[[ COLLECTED DATA, beginning ]]

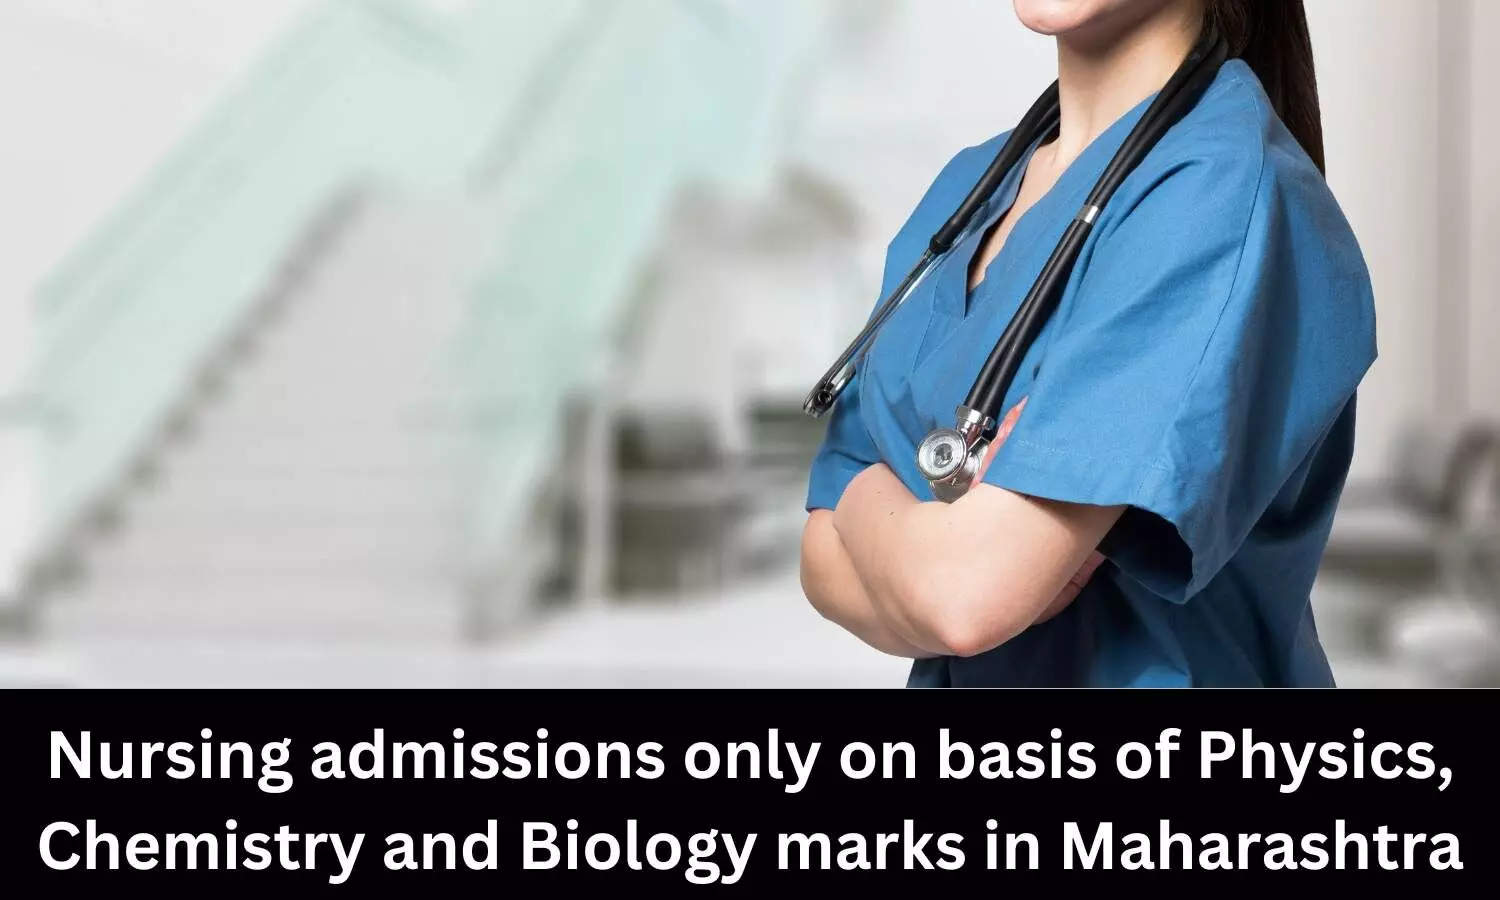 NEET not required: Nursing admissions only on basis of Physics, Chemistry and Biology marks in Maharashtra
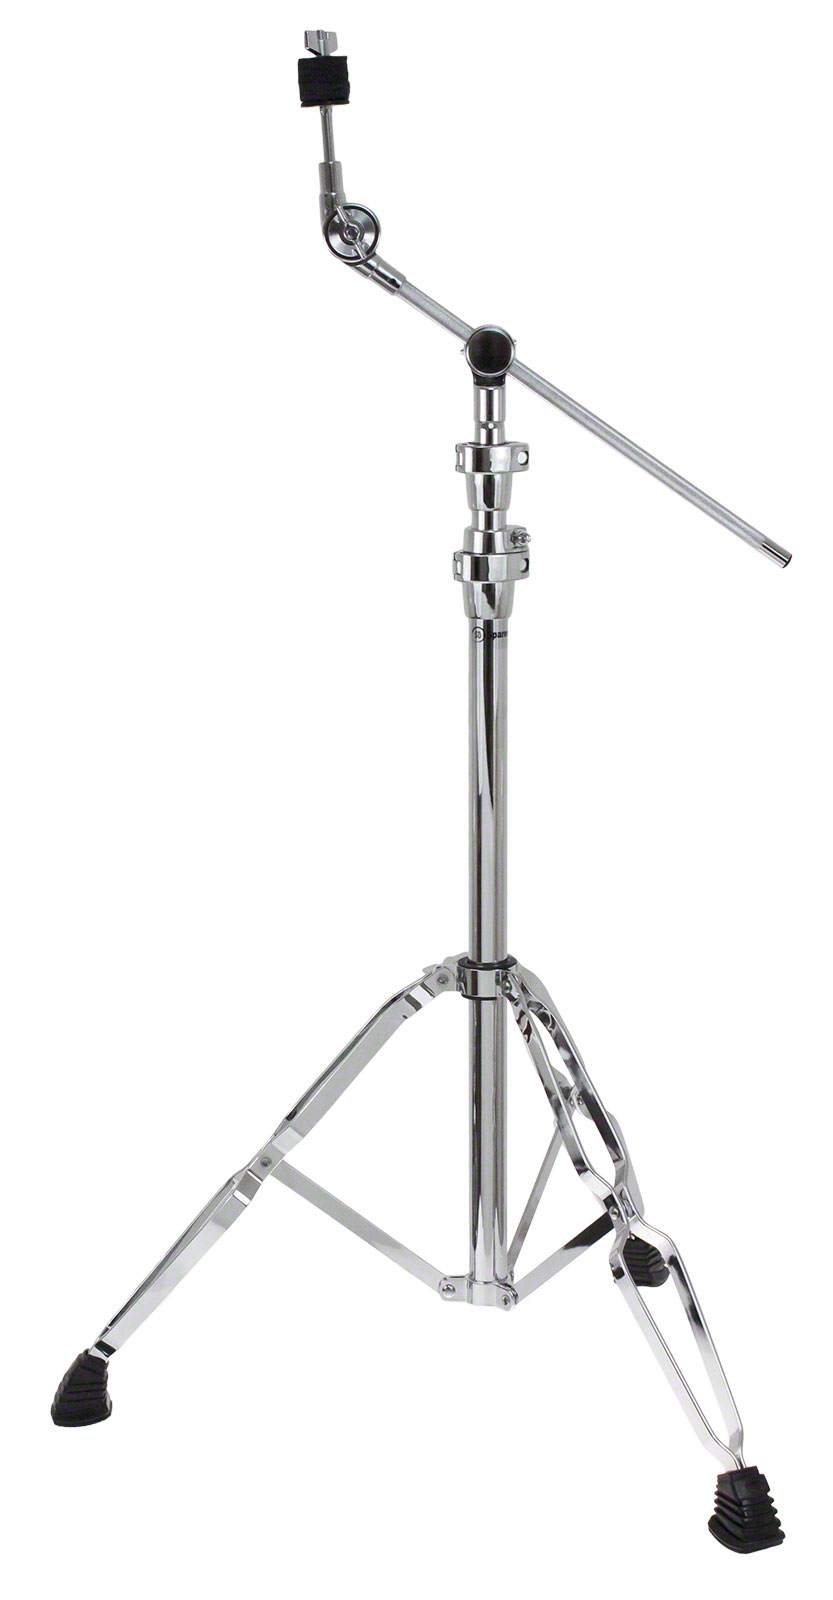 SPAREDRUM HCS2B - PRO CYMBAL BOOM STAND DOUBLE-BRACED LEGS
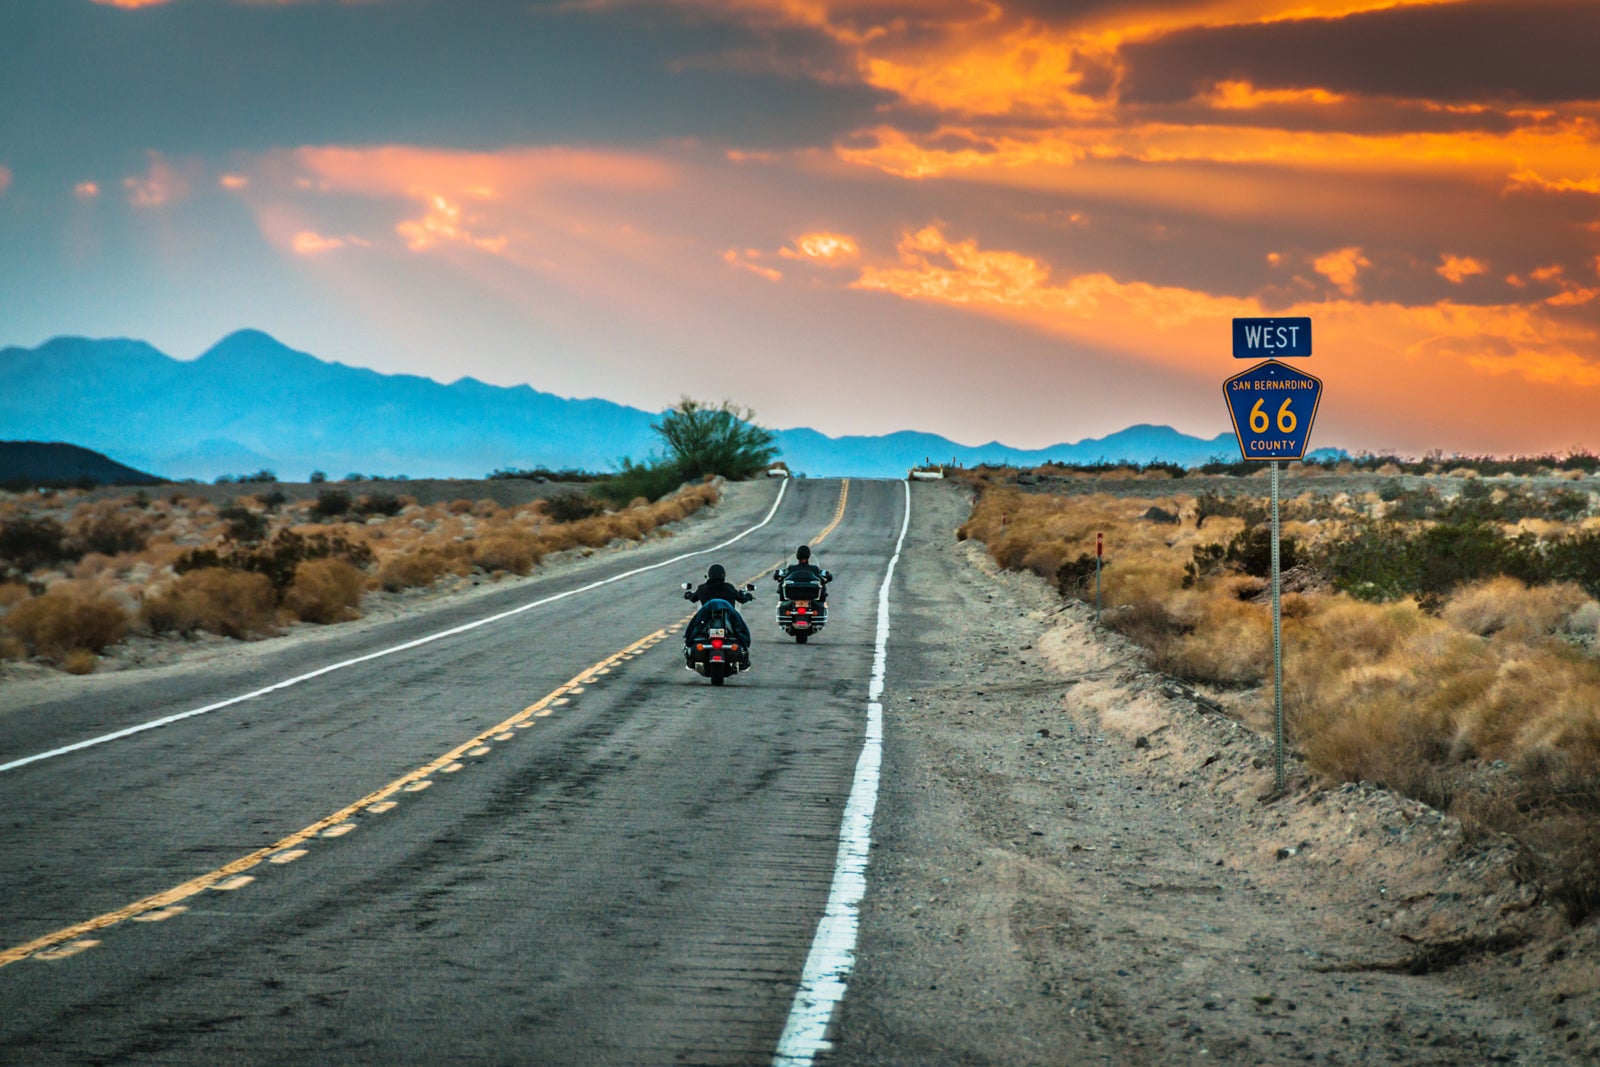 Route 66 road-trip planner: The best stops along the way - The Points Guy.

[[ COLLECTED DATA, end ]]

#### WORK TO BE COMPLETED
Give back the whole of the material exactly, with the pictures removed.

#### COMPLETED EXERCISE
 NEET not required: Nursing admissions only on basis of Physics, Chemistry and Biology marks in Maharashtra
 SPAREDRUM HCS2B - PRO CYMBAL BOOM STAND DOUBLE-BRACED LEGS
 Route 66 road-trip planner: The best stops along the way - The Points Guy.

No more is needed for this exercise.